Malaise
I’ve been traveling a lot for work lately. I remember when I first started out at this job, I actually enjoyed the breaks I’d get from the walking on eggshells at home. Every trip would be an escape. Temporary relief from inevitably fucking something up, whether I actually fucked something up or not.
Now, though, it doesn’t have that same appeal. There is no tension at home. Home is a wonderful and safe place and I enjoy being there more now than I ever have. Traveling for work is simply taking me out of a place I want to be.
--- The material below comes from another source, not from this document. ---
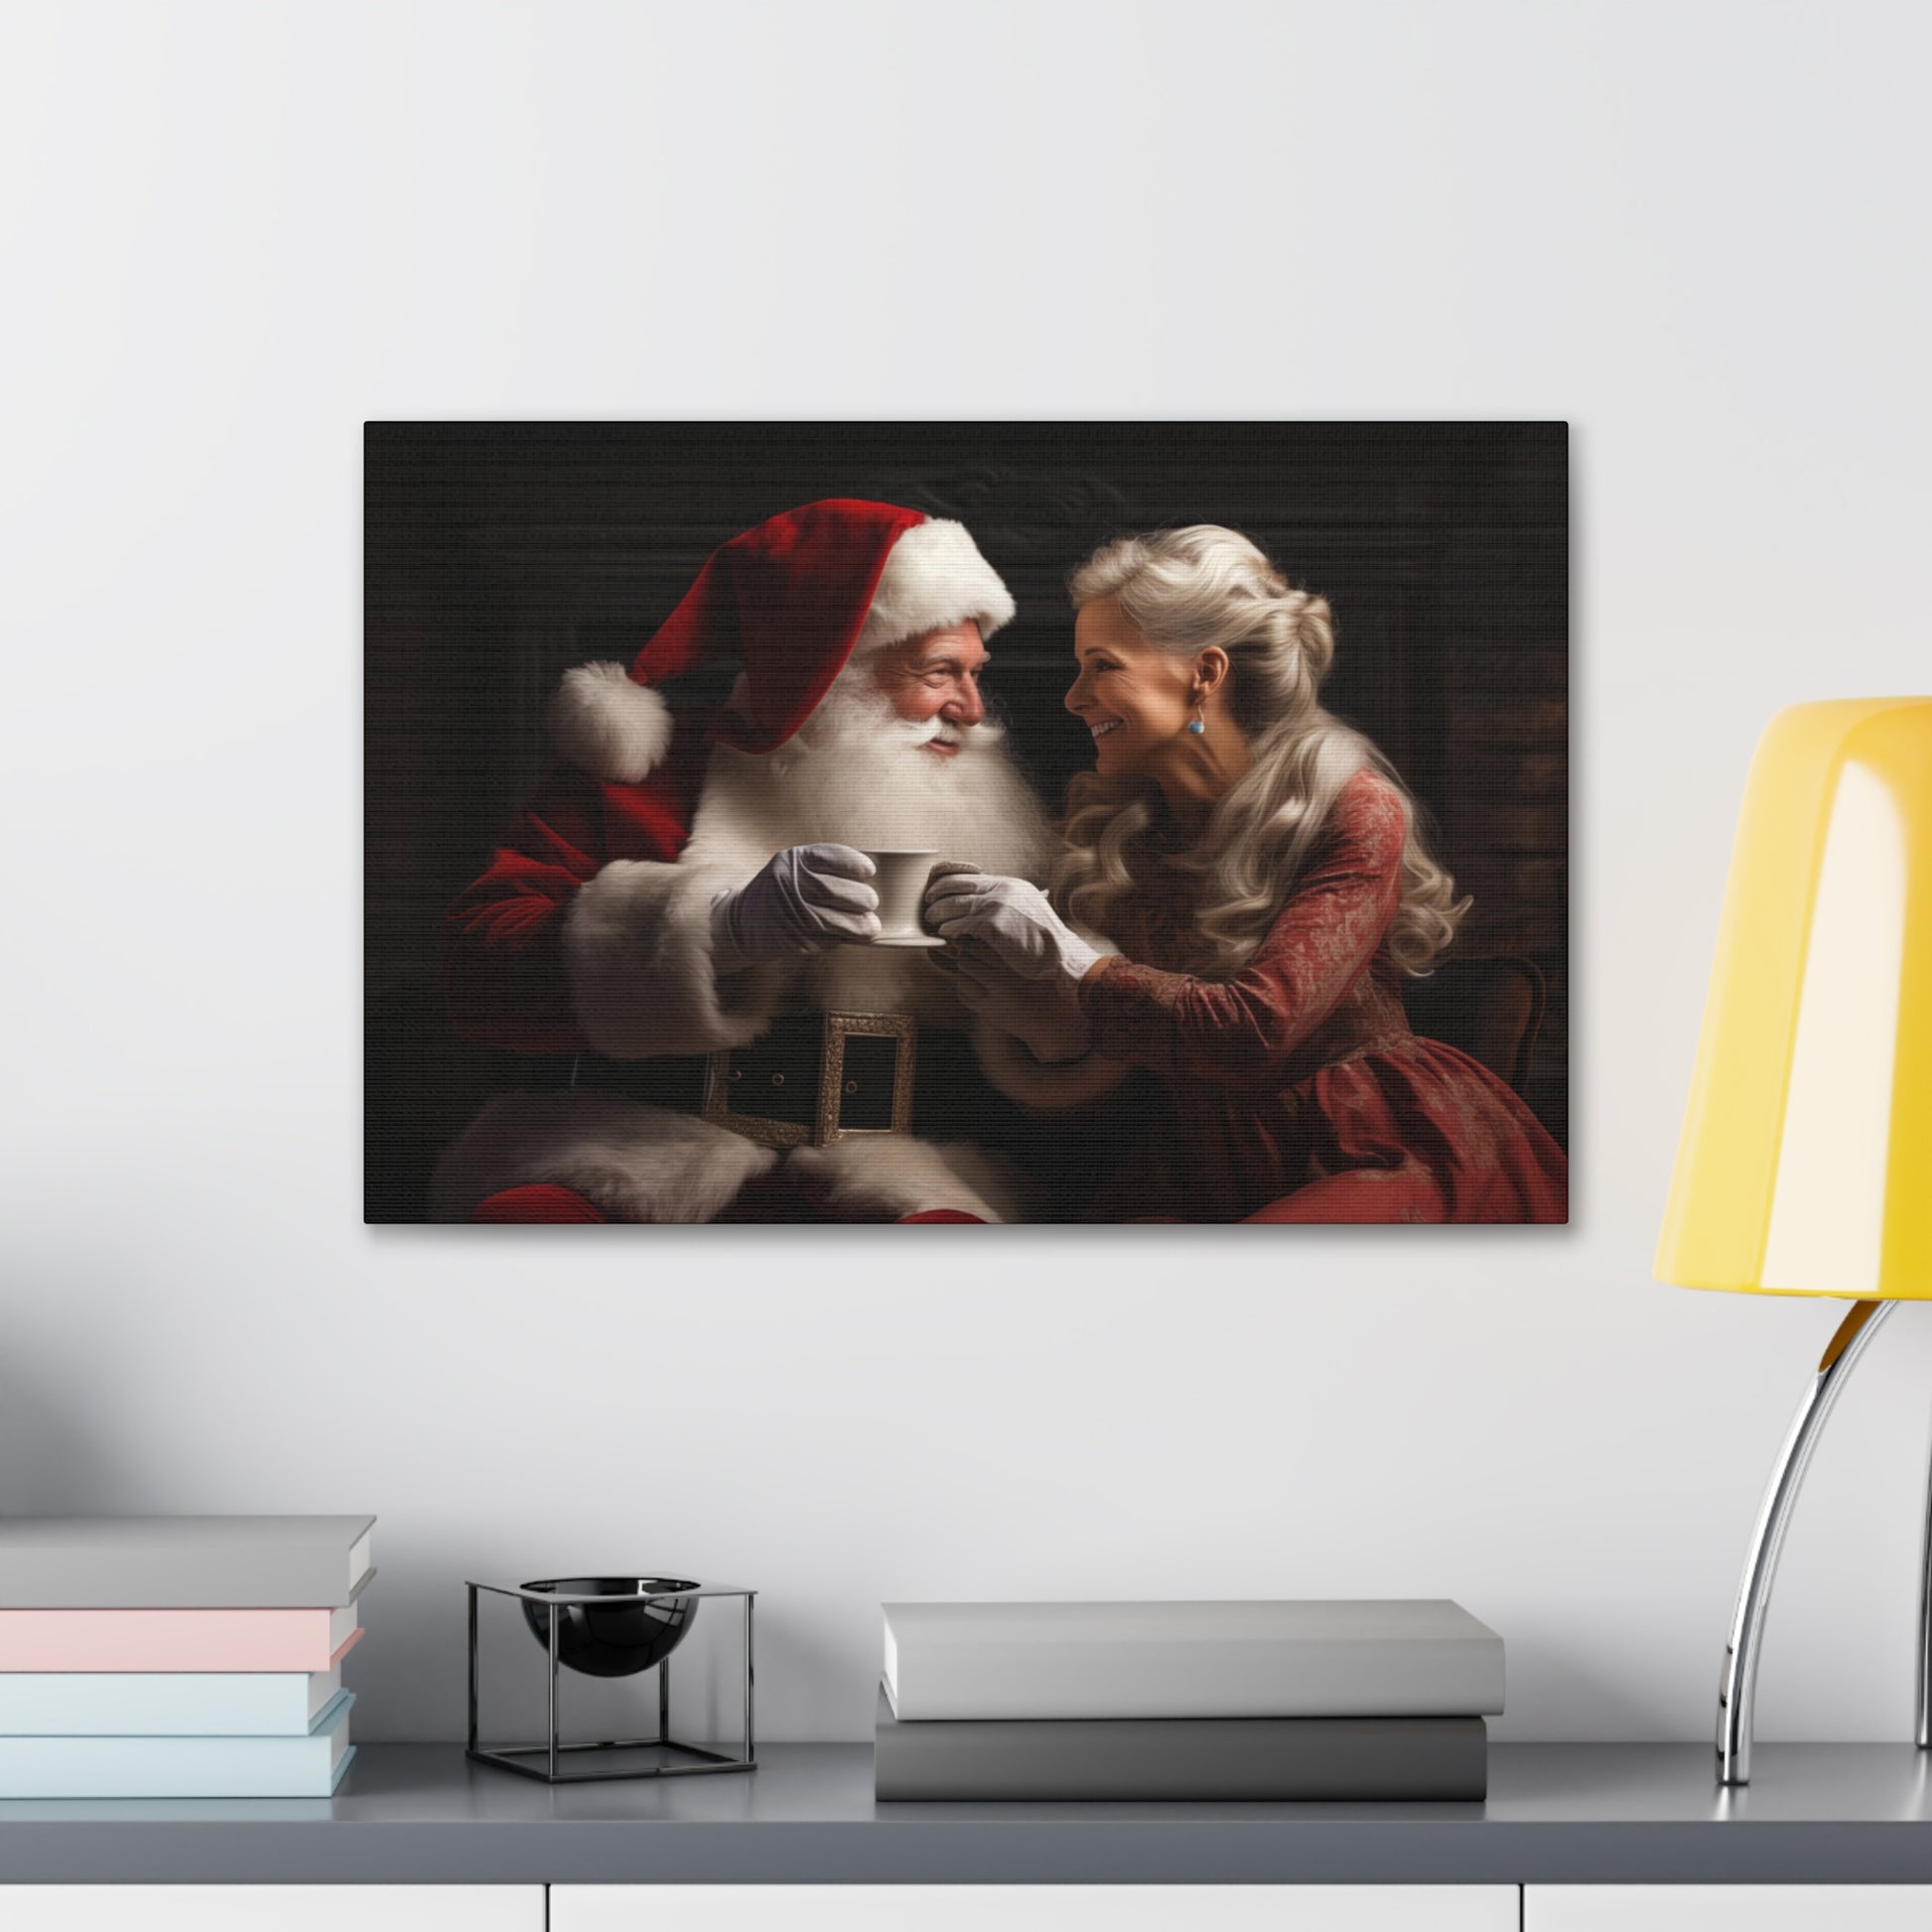 Mr. and Mrs. Claus Christmas wall decorations

It’s not an escape, I don’t have anything I need to escape. It’s a huge downer, to be completely honest, and I’ve been traveling pretty extensively. I’m really over it. I don’t think I’m going to be doing a ton more, but I think what I’ve done already is more than enough.
I don’t know. I don’t think I’m going to keep up this sort of travel. Hopefully not, anyways.
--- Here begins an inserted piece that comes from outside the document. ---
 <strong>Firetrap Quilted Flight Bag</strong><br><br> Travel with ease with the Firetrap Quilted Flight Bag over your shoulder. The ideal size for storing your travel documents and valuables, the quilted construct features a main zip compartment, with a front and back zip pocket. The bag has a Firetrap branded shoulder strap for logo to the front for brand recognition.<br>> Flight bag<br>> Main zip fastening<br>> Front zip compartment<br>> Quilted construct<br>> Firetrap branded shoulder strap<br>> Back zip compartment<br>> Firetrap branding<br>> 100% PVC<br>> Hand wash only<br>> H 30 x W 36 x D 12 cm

I’m also finding it necessary to just pull away from really toxic people. It seems like the overturning of Roe v. Wade has exposed a lot of awful people for being really awful. I’ve been alive long enough to realize that I can’t convince these people to not be shitty. They’re stuck in their beliefs, because they have no requirement for science or fact. They’re perfectly content to just sit on belief alone. It’s essentially a cult. I’m not a cult deprogrammer, and I’ll be honest- I don’t think it’s possible to deprogram someone that’s been in a cult. They’ll either continue repeating the cult mantra, or they’ll realize of their own volition that the cult dogma is completely untrue. There is no “deprogramming”. Just waking up from the nightmare.
It terrifies me, what the future holds. The world my children will be left. It won’t be pleasant. It’s already getting so much worse. I just don’t know what to do about it. I know that something, anything, is better than doing nothing. Man. I just don’t know. How has education failed this country so hard?